More than a city, more than a race

Portland is home to some of the most beautiful sunsets I have set eyes on. Say what you will about the rain, but it can lead to incredible displays of color reflecting off the clouds after a Portland rain storm.

Logan sharing the sunset with his favorite stuffed Toothless.

Logan sharing the sunset with his favorite stuffed Toothless.

Last night, after a perfect summer day, the sky was filled with clouds, rain, thunder and lightening. It couldn’t have lasted more than an hour and then it gave way to cloud formations and the most awe-inspiring palate of colors painted across the sky.

We are lucky enough to have a view of these incredible sunsets from our house and every time I see them, I am inspired and reminded how lucky I have been to call this home. Since having Logan, I have fed my soul with baby snuggles, giggles and moments. I’ve slowed down life, slowed down running and tried to just ENJOY more LIFE.
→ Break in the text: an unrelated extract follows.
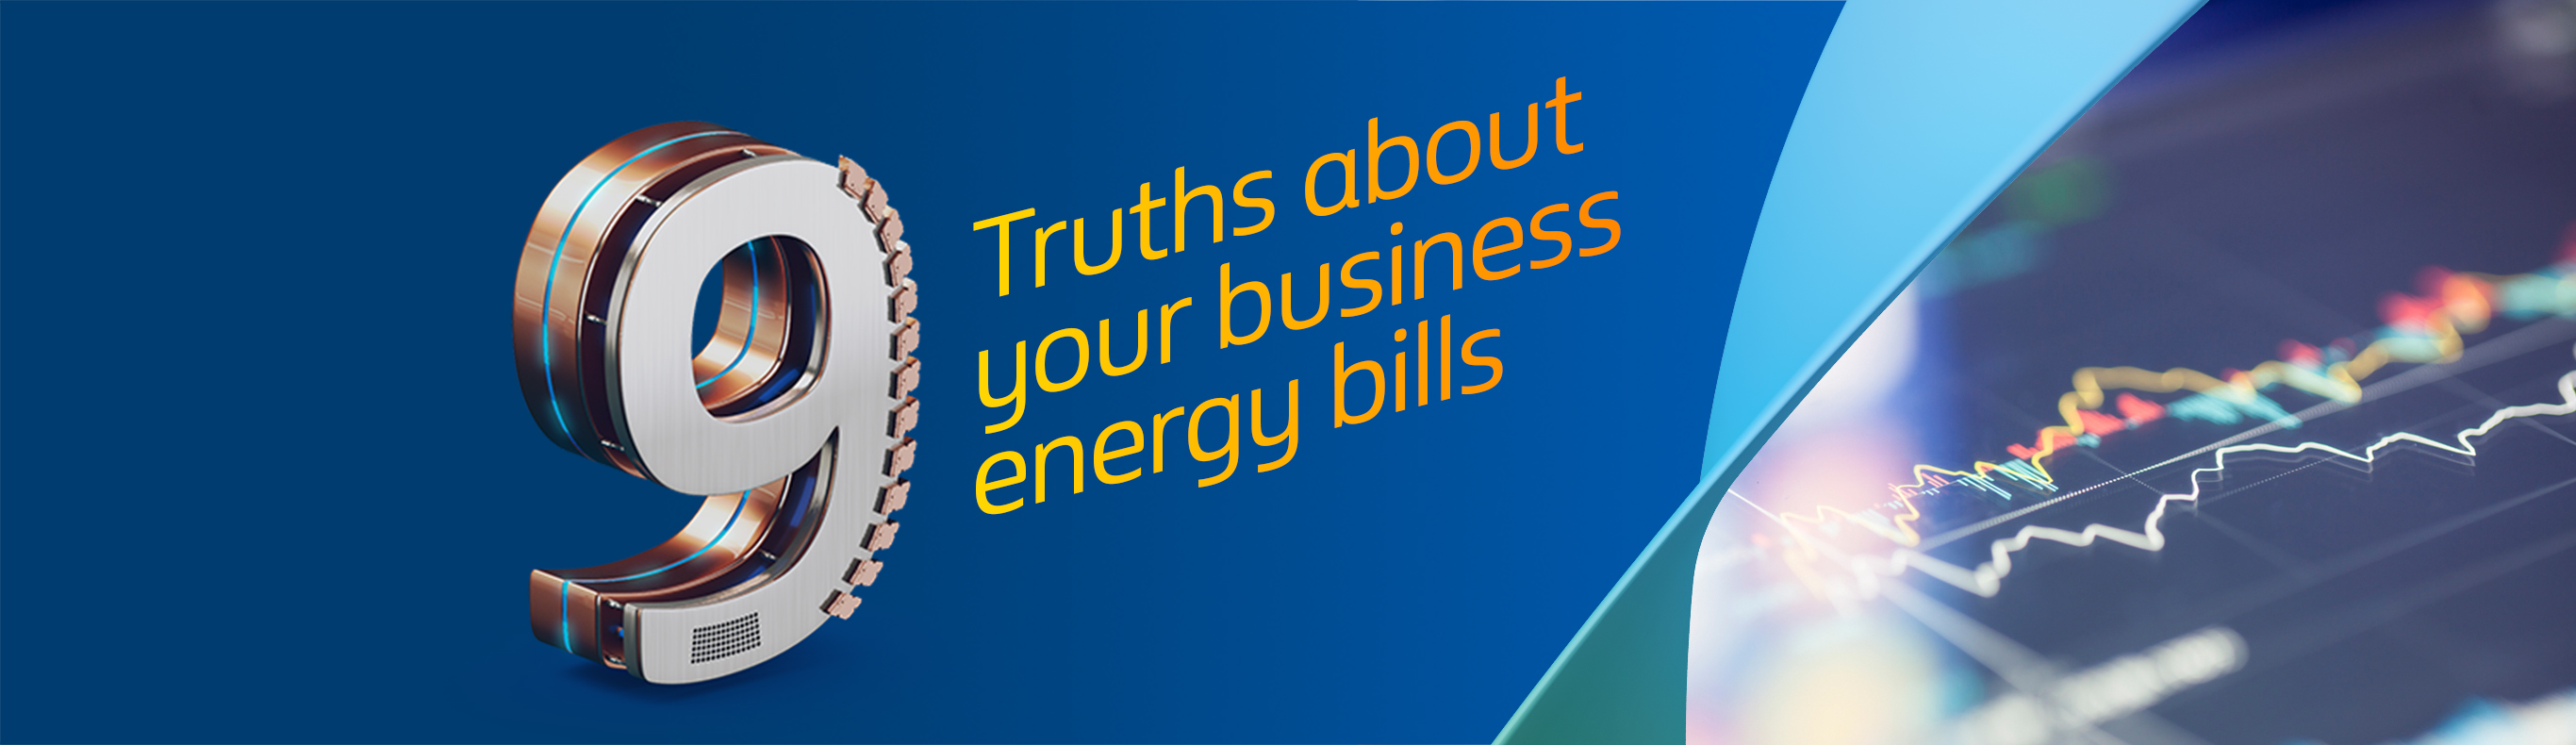 9 truths about your business energy bills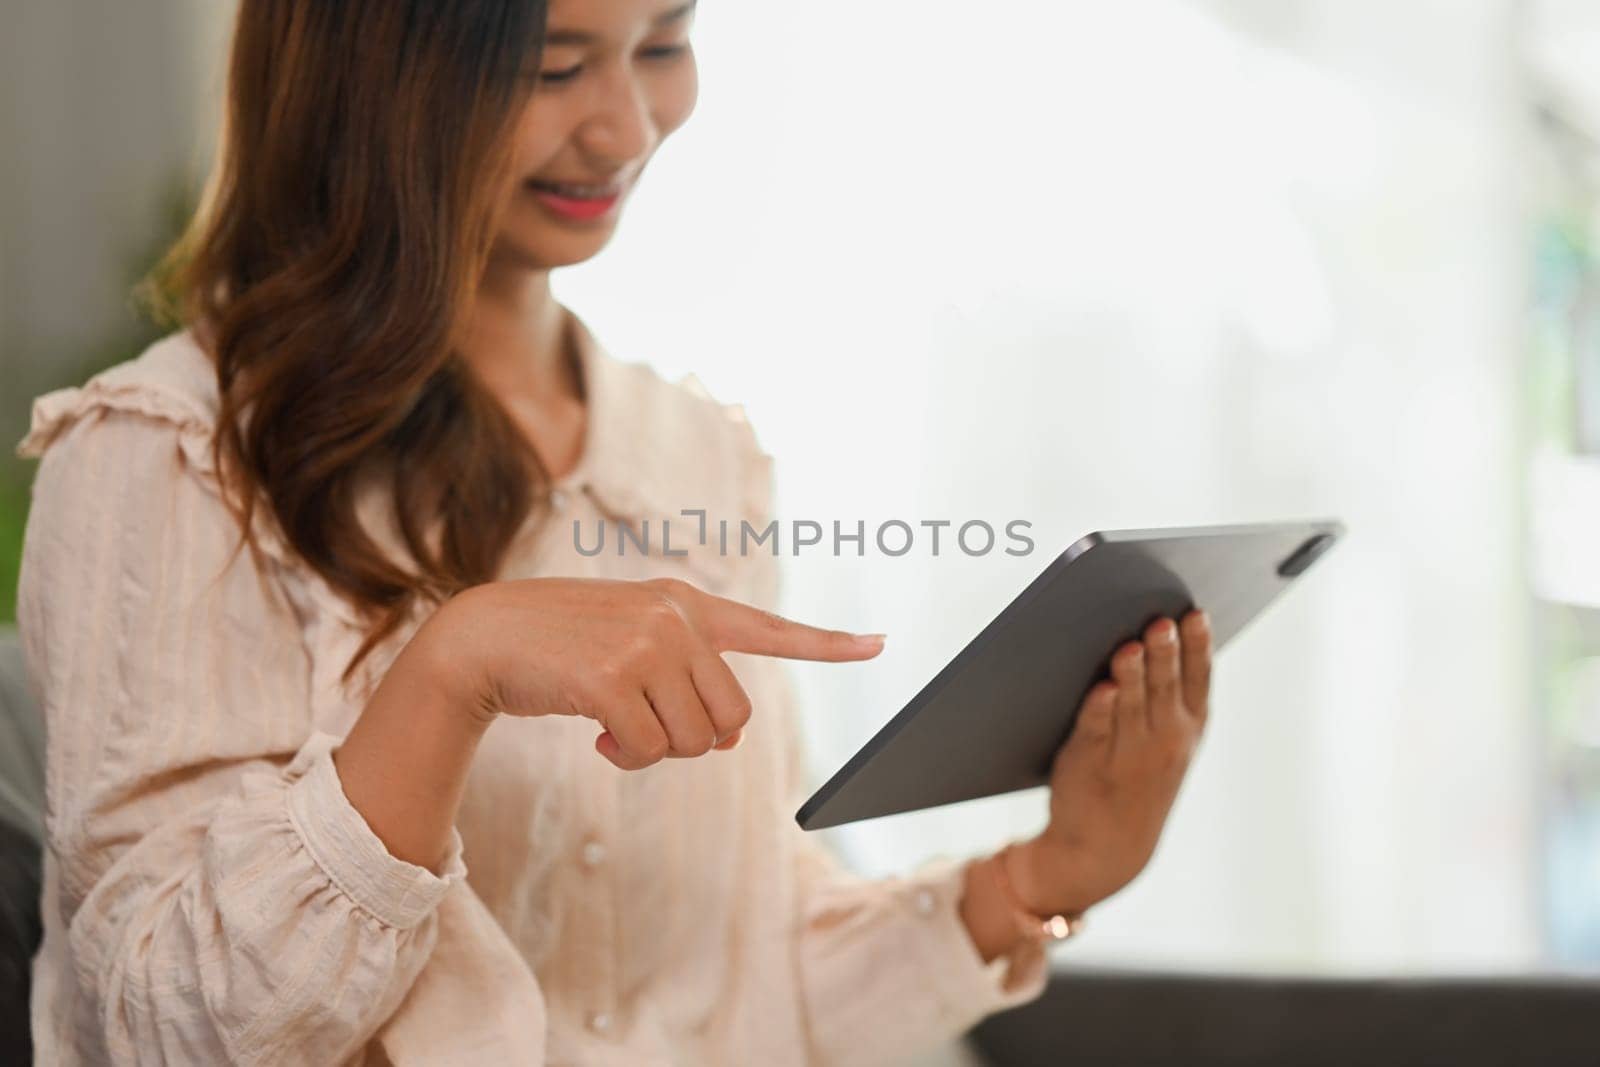 Pretty young woman browsing internet on digital tablet. People and technology concept.

When you have something taken away, you appreciate it more. With Logan, I had running and fitness taken away while I healed from a c-section surgery. With Portland, I have found my home, but even that seems fleeting, like something that could be taken away at any moment. Nothing is certain in life and every time I seem to think it is, something shifts.

In all things, I’m trying to find joy, even when it’s hard. I’m focusing on living in the moment. I’m doing what brings me joy. With that, I have committed to jumping back into runing with a challenging race in my favorite state, running through my home city. I have committed to run Hood to Coast.

This commitment was not taken lightly and I spent almost a week weighing the pros and cons.

Pros

  • Comeback race post baby

  • Get to run with a high-school friend and reconnect

  • Run through my home city in my favorite race - may be my last chance in the foreseeable future

  • Reason to push myself at the gym and in running more than I have been

  • Make new friends (because sharing a van with 5 other people for 24-hours will do that!)

Cons

  • Not as fit as when I ran the race pre-baby

  • Living situation up in the air

  • First night spent away from Logan (probably makes me even more sad than him)

  • Cost

Once I said yes, I was still filled with anxiety.

"Did I make the right decision?” “Am I fit enough?” “What did I get in to?”

All valid responses, but not ones I want to entertain. New things - even old situations that become new again - can be challenging.

With 57 days until the race, I have decided to share this journey here. Most importantly, for me to be able to remember this journey and see how the training and racing unfolds. I’m done with waiting and planning to do things in the future. With life’s uncertainties, if I want to do something, I am going to do it now. No more waiting.